A life-extending drug for people suffering from a fatal lung disease will be withheld from patients until they are on their DEATH BED.
The National Institute For Health and Clinical Excellence (NICE) announced on the day of the General Election that Pirfenidone would only be used on people suffering from Idiopathic Pulmonary Fibrosis (IPF) when they have 50-80% lung capacity left.
That means it will only be reserved for people with severe cases of IPF and NOT prescribed on the NHS for people in the early stages of this fatal lung condition.
The lung disease – which has no known cause or cure – has a prognosis worse than many cancers, causing a build-up of scar tissue in the lungs which makes them thick and hard and less able to take in oxygen.
A study from the British Lung Foundation (BLF) found approximately 32,500 people are currently living with the disease, which kills about 5,300 people a year.
Pirfenidone works by reducing lung fibrosis through downregulation of the production of growth factors and procollagens I and II.
In 2013, NICE recommended pirfenidone for patients with moderate IPF.
Without treatment, people with IPF on average only live for around two to five years from diagnosis.
Dr Penny Woods, Chief Executive of the BLF, said: “The decision today by NICE to continue denying some IPF patients access to a life-extending drug until their disease gets worse is extremely disappointing.

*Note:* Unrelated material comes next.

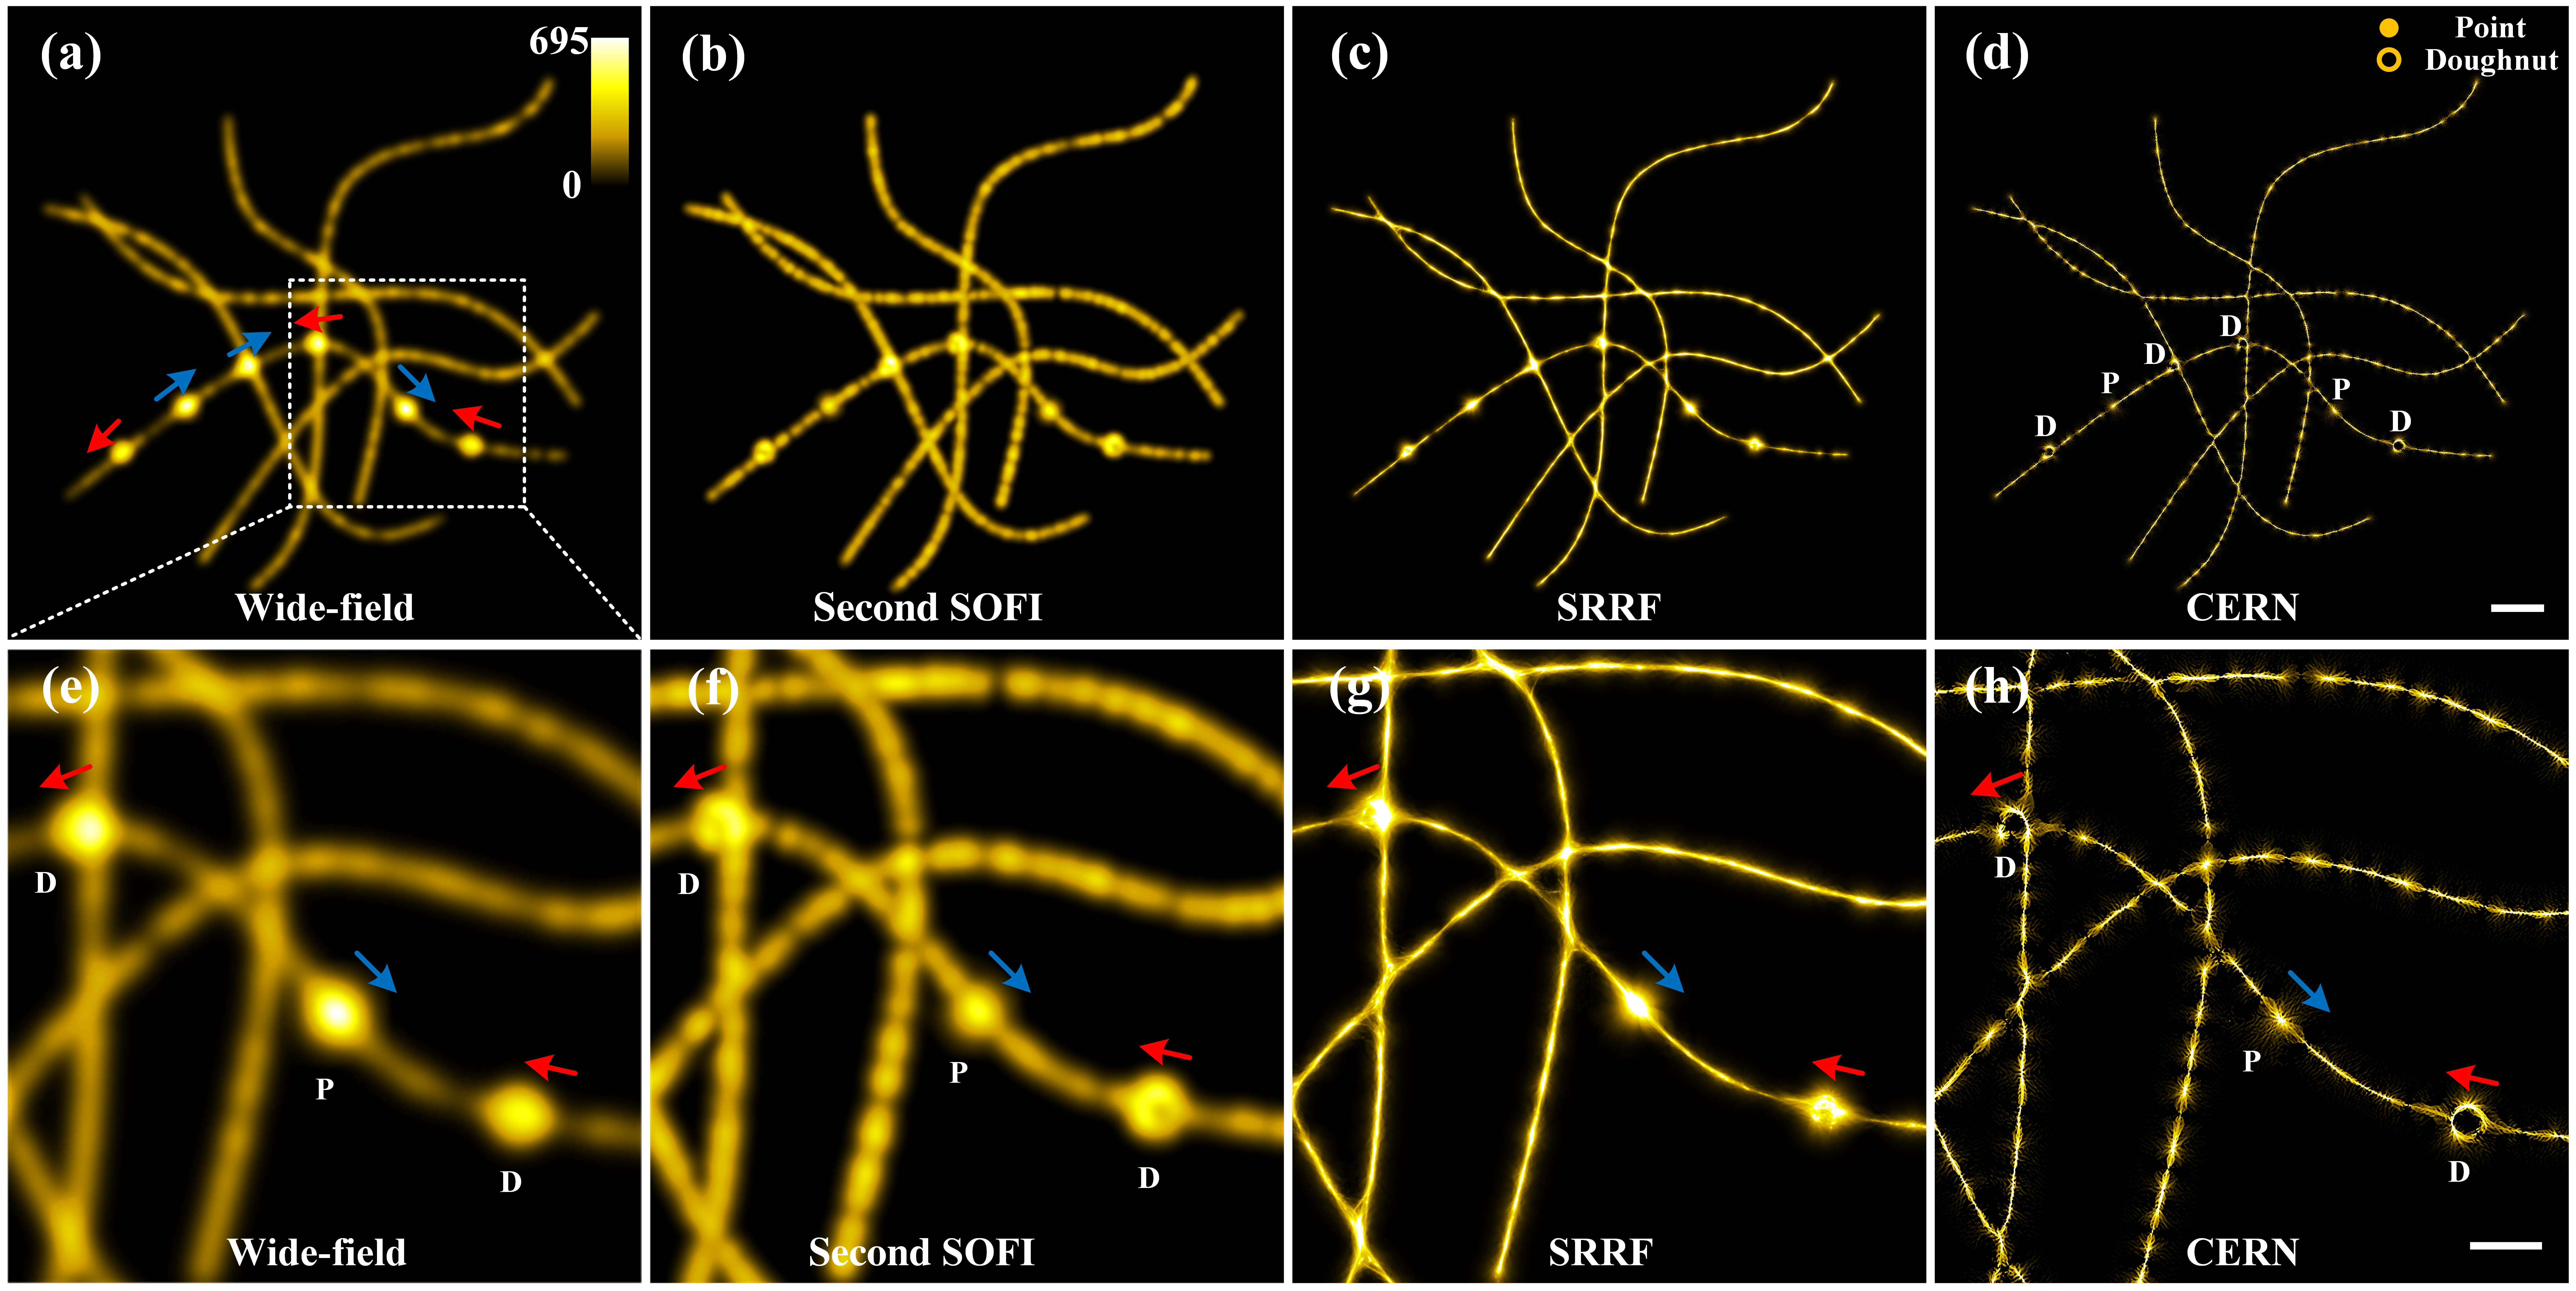 (a) Wide-field image of the simulated tubulin-like network with dynamic doughnut-shaped and point-like nanoscale cargoes moving along network lines; (b), (c) second-order SOFI and SRRF (TRA) images of the simulated dynamic structure; (d) CERN image of the simulated dynamic structure, precisely discerning the doughnut-shaped cargoes (marked by “D”) from the point-like cargoes (marked by “P”); (e)–(h) magnified images indicated by the white dotted regions from (a) to (d). For the cargoes marked by “P,” we generated the cargo images by convolving point-like structures (30 nm radii) with a Gaussian PSF. For the cargoes marked by “D,” we generated the cargo images by convolving ring-like structures (90 nm radii) with a smaller Gaussian PSF. Different PSFs indicated the labeling of two different types of fluorophores with distinct wavelengths for imaging different targets. The blue and red arrows represent the different moving directions of the cargoes along the network lines. Scale bars, 1 μm in (a)–(d); 300 nm in (e)–(h).

“It is inhuman to require someone to slowly deteriorate and have a poorer quality of life before they can be treated – and a choice that defies all common sense.
“This is another example of where proven interventions for respiratory patients are not being prioritised.
“We need a taskforce for lung health to look at these issues across diseases, and put in place a five year strategy to improve outcomes for the 12 million people affected by lung disease in the UK.”
According to the NICE announcement, Pirfenidone is recommended as an option for treating idiopathic pulmonary fibrosis in adults only if:
– the person has a forced vital capacity (FVC) between 50% and 80% predicted
– the company provides pirfenidone with the discount agreed in the patient access scheme and
– treatment is stopped if there is evidence of disease progression (an absolute decline of 10% or more in predicted FVC within any 12-month period).
IPF is the commonest form of interstitial lung disease; a group of disorders characterised by inflammation or fibrosis of the interstitial space.
Although considered a rare disease, IPF has been becoming more common in both the UK and the US over the last 30 years.
During the last decade the condition has, in the UK, been responsible for approximately 5000 deaths a year – or put another way, 1 in every 100 deaths in the UK each year is due to IPF.
The disease tends to present with insidious onset breathlessness, which at first is only noticeable on exertion but which over time progresses to the point that most sufferers develop resting respiratory failure.